### Exercise aim:
Only one span is wanted from the lines below: from the one with "Weighology Heavy Duty" up to and including the one with "Land of Lord". Copy it exactly, without images.

[Records for this task]

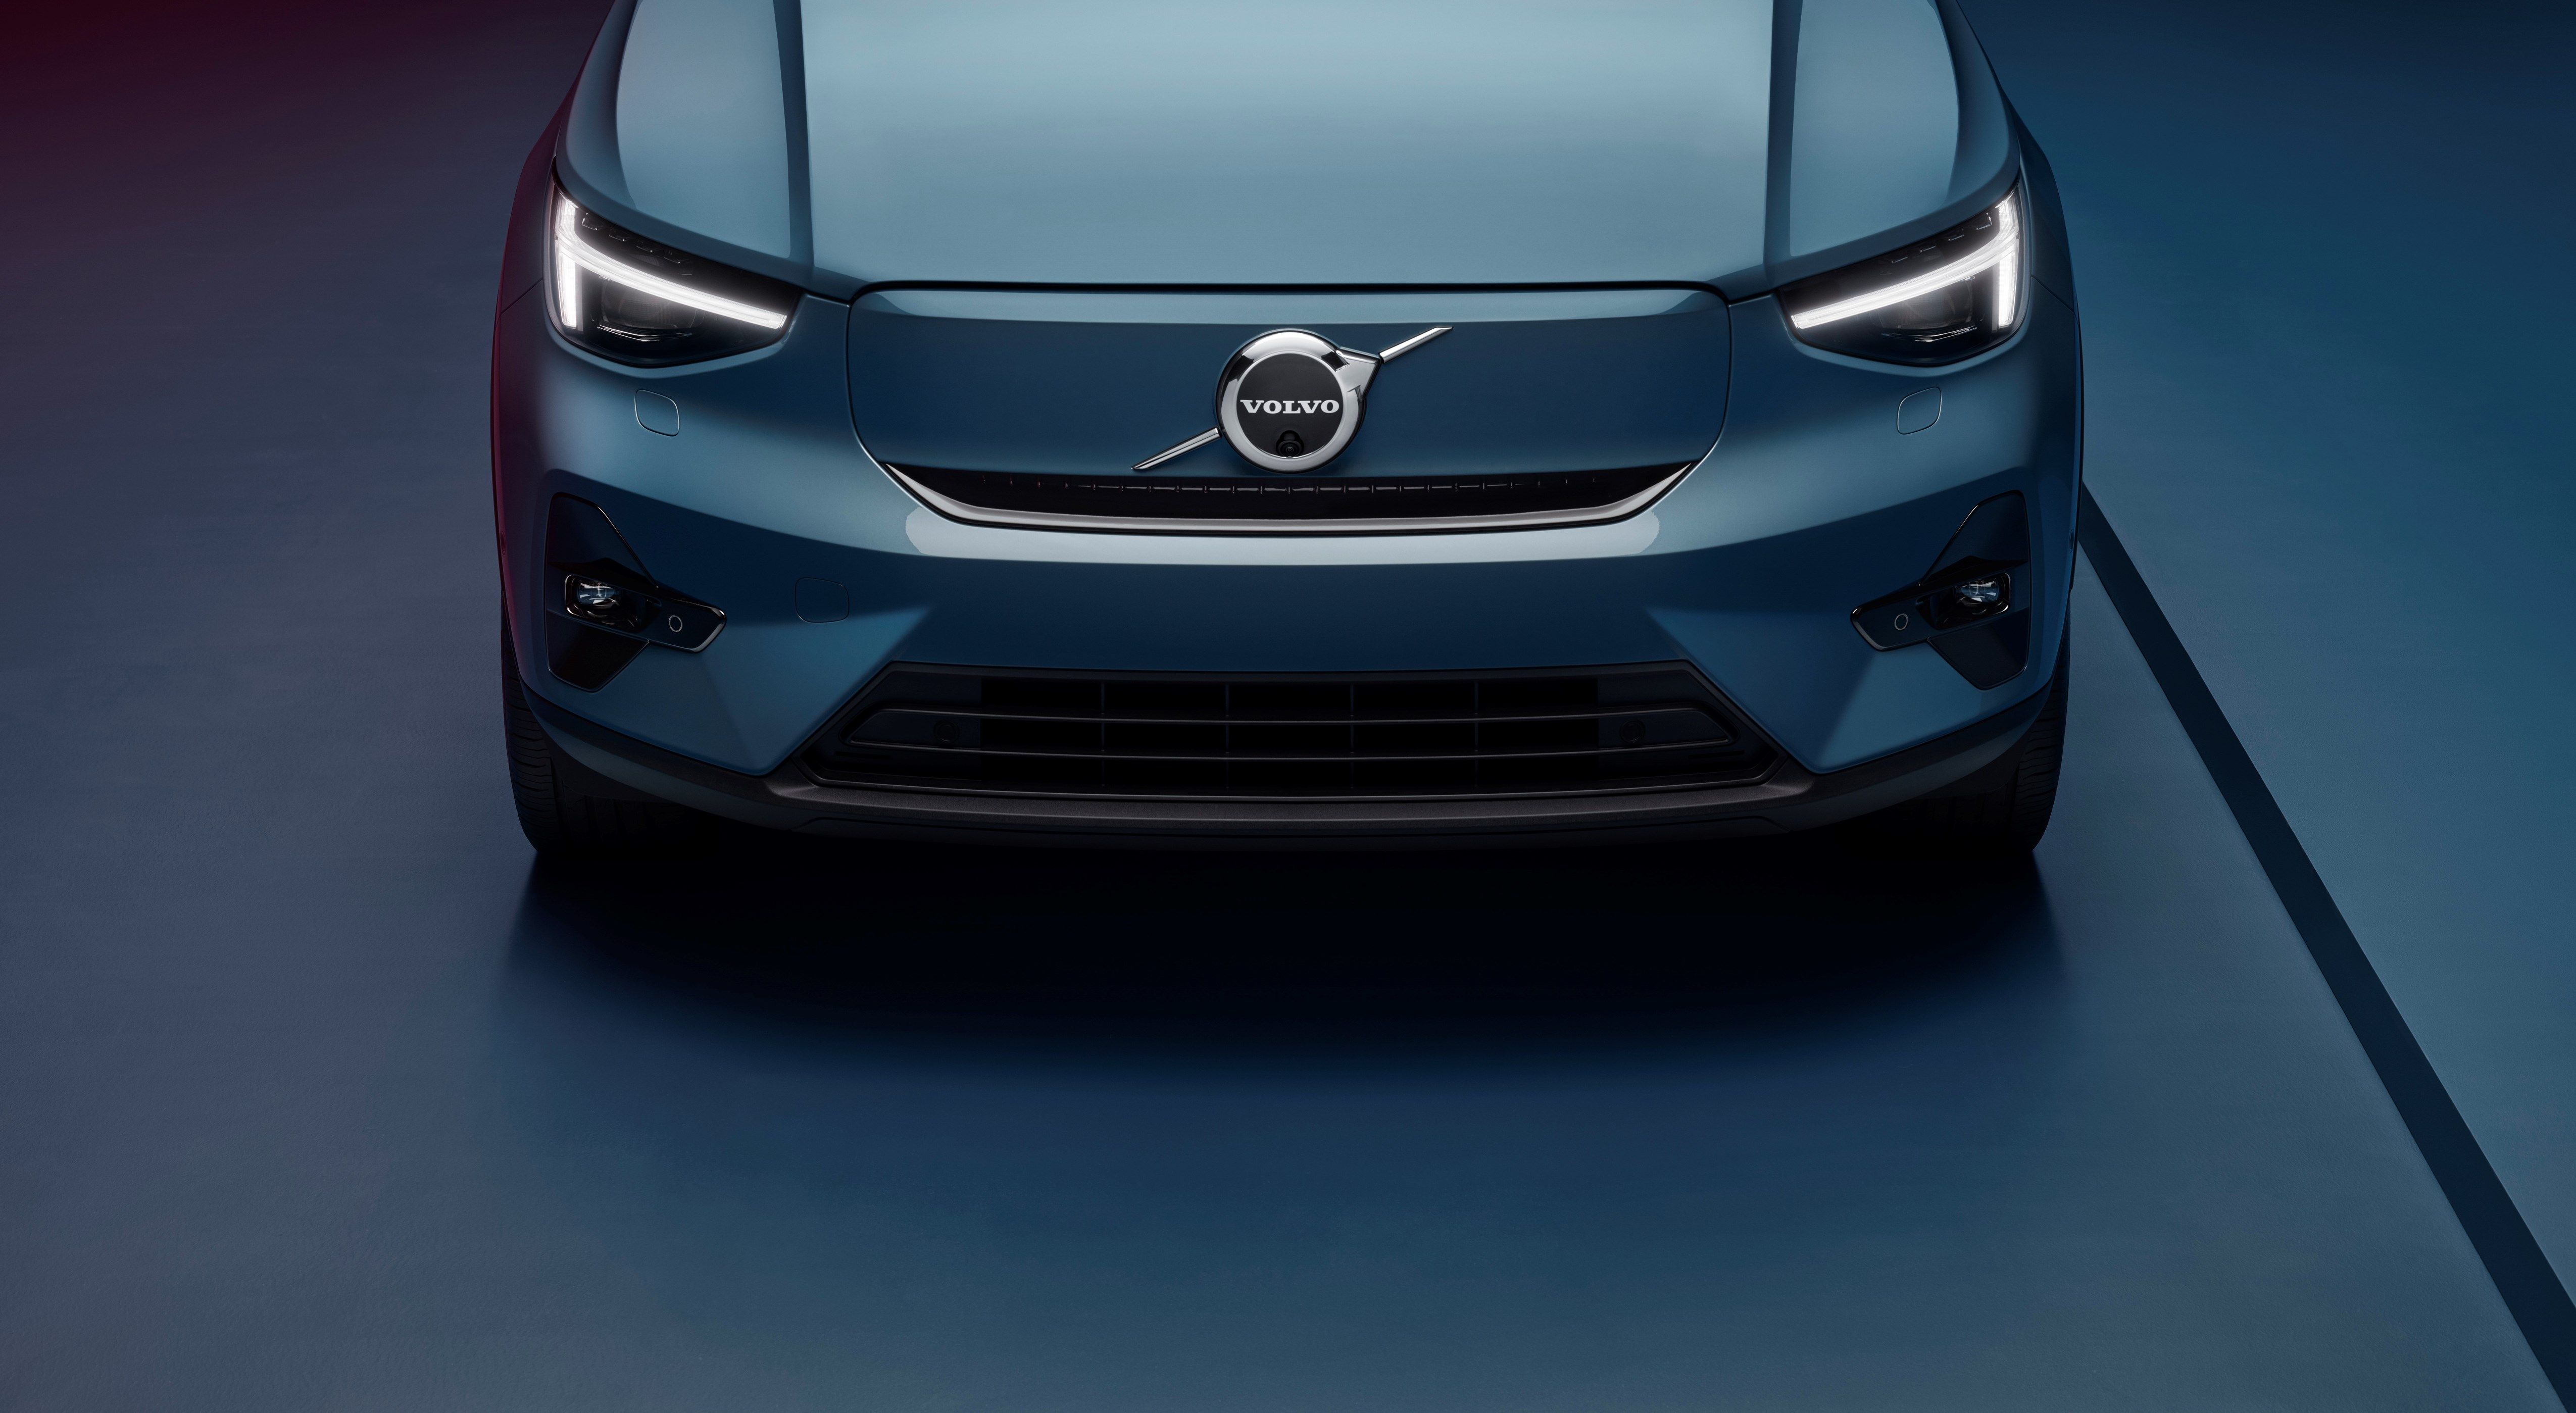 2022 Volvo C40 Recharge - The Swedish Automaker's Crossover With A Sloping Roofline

[/Records for this task]
[Records for this task]

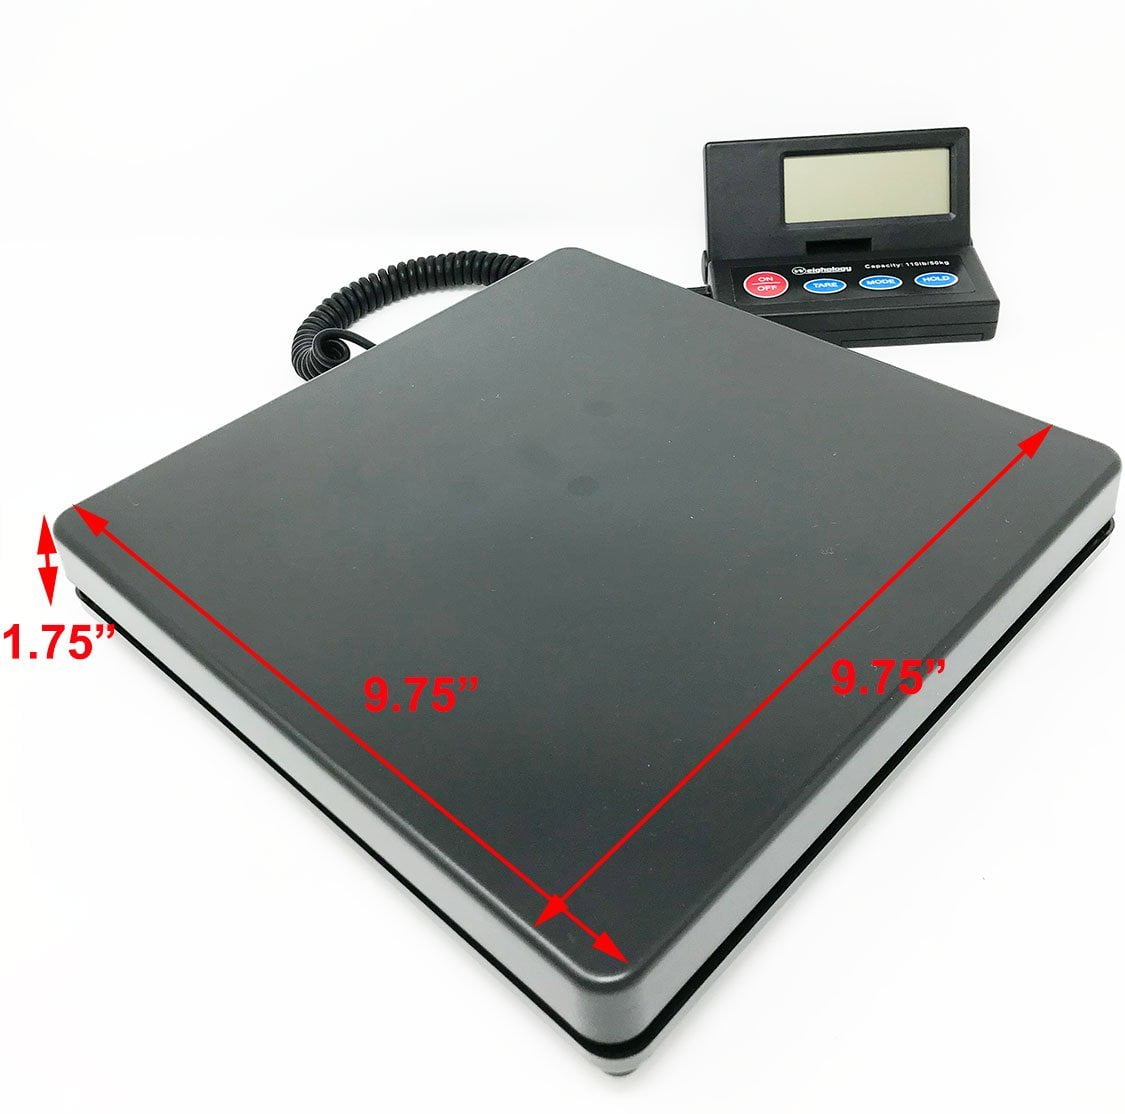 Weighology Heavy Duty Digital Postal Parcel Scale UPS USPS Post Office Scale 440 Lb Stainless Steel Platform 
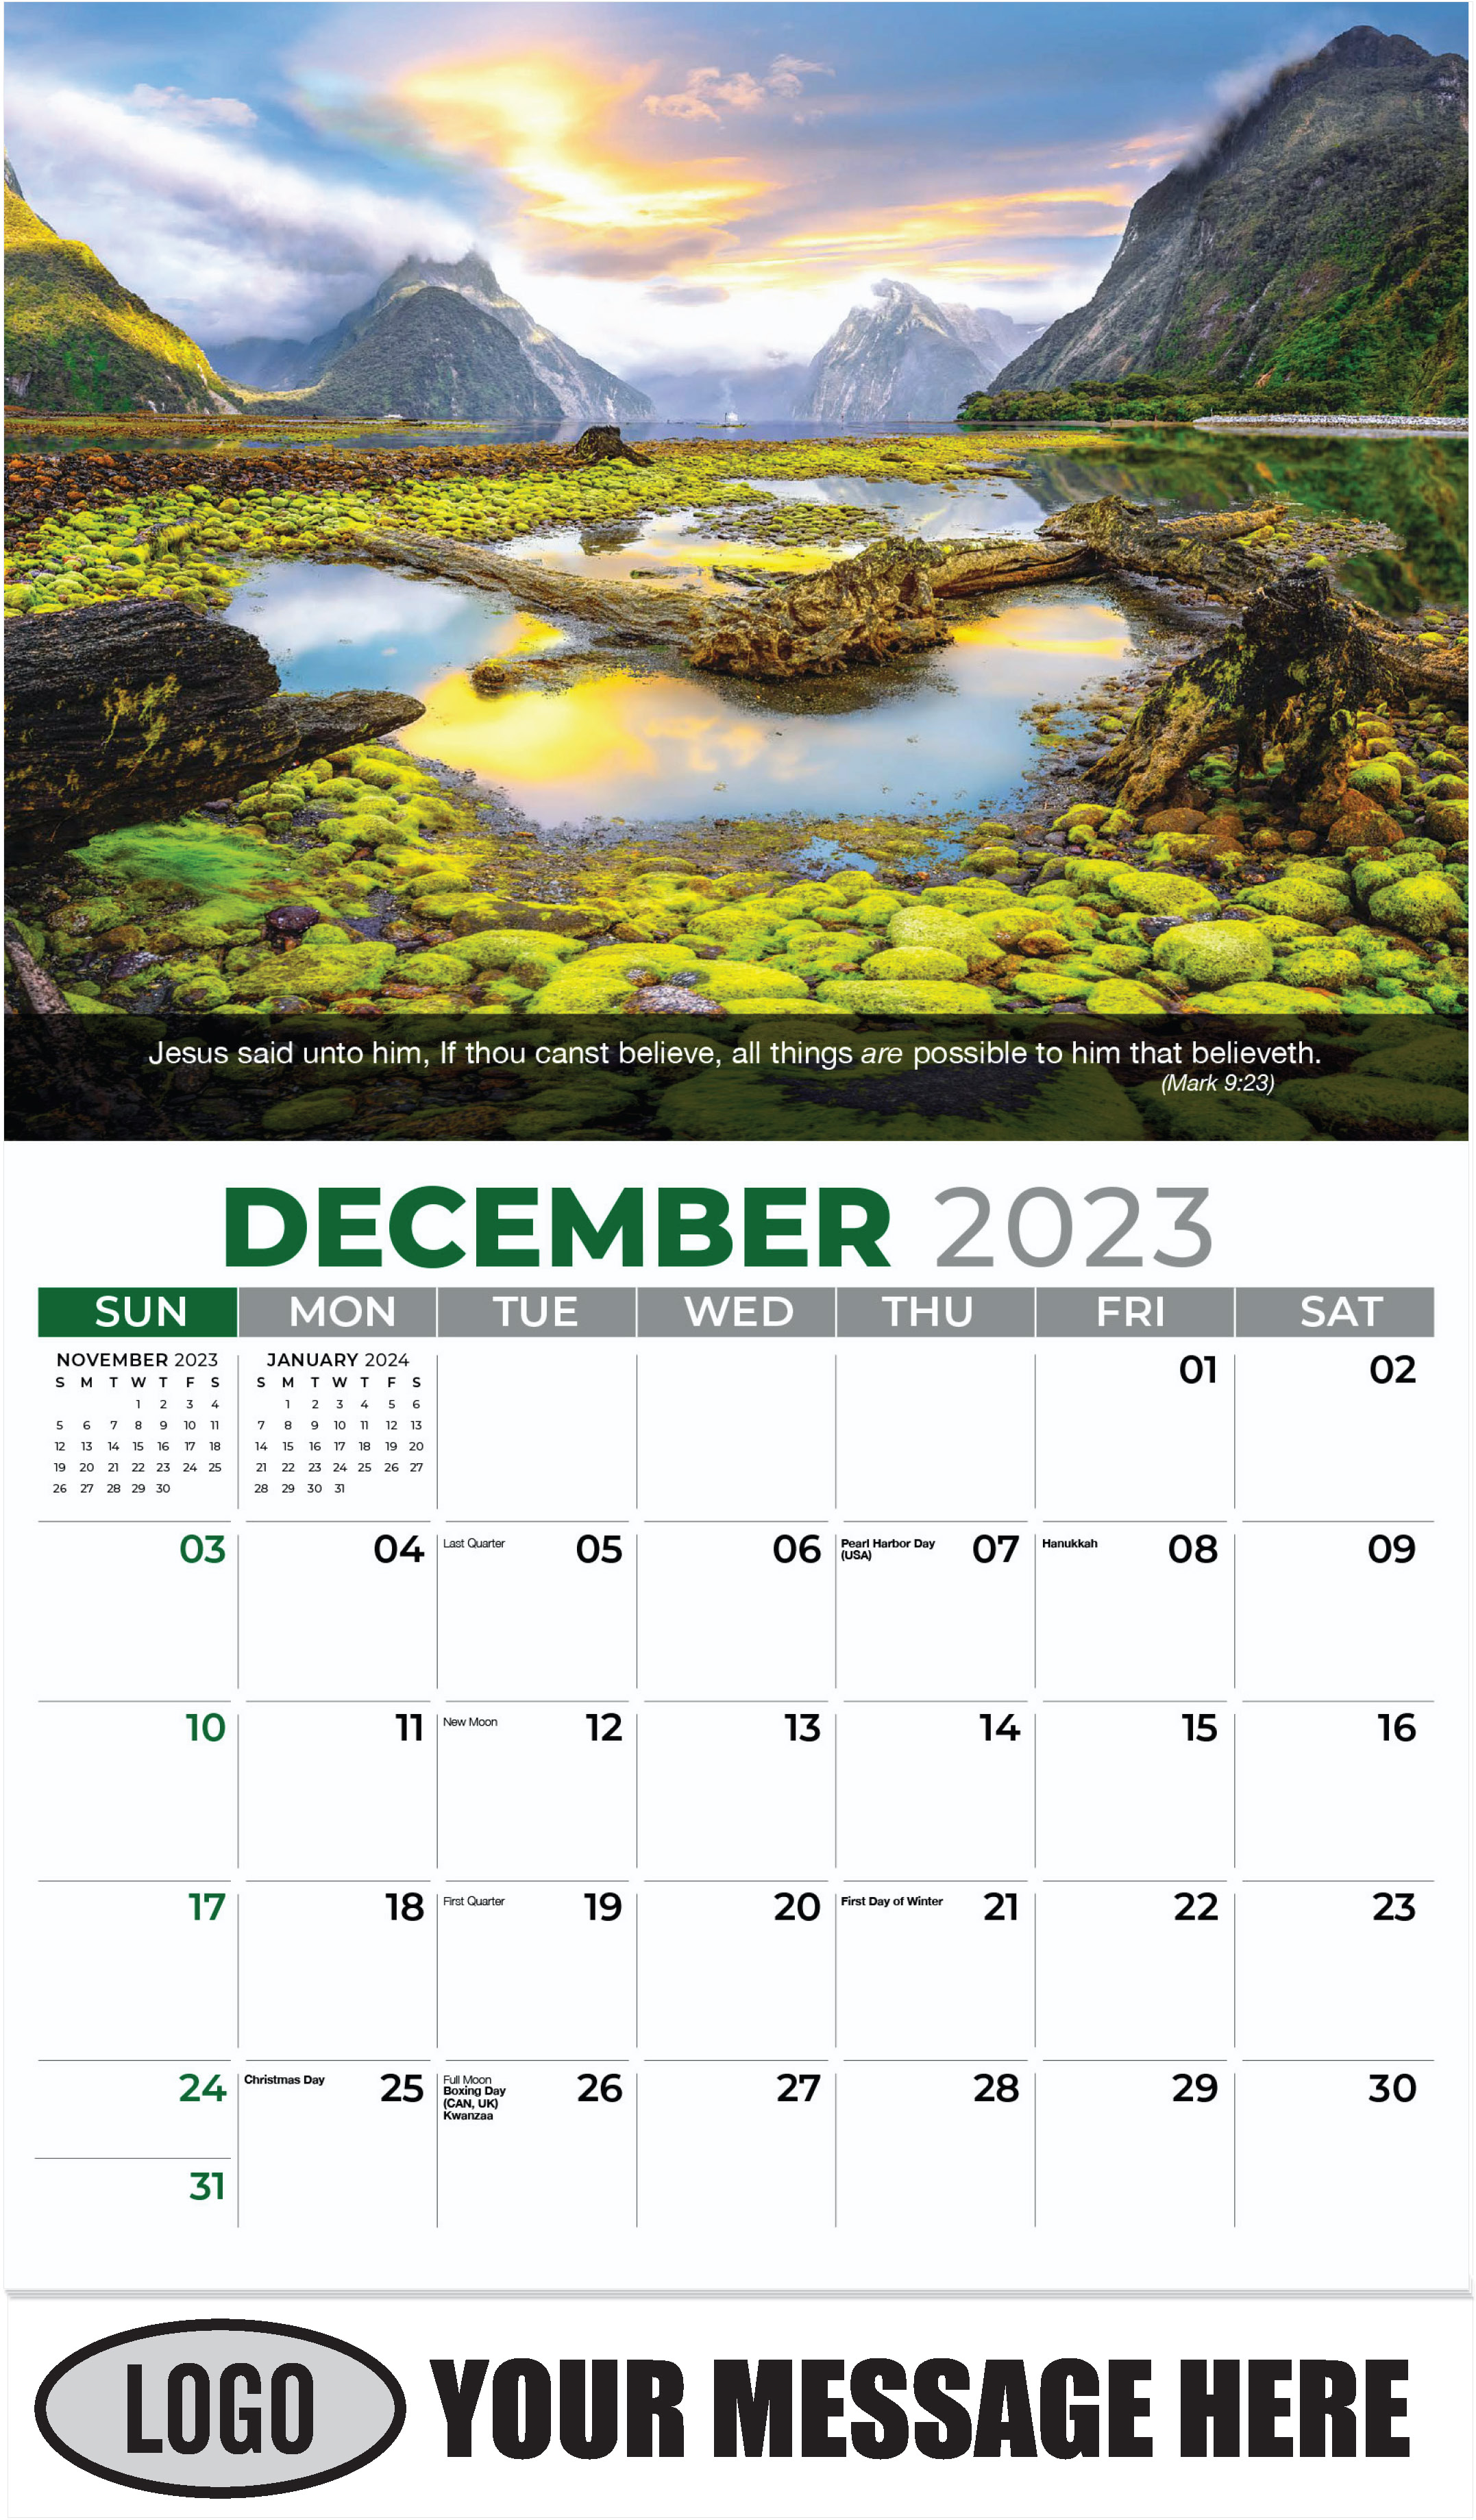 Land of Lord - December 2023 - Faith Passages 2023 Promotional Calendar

[/Records for this task]

### Worked solution:
 Weighology Heavy Duty Digital Postal Parcel Scale UPS USPS Post Office Scale 440 Lb Stainless Steel Platform 
 Land of Lord - December 2023 - Faith Passages 2023 Promotional Calendar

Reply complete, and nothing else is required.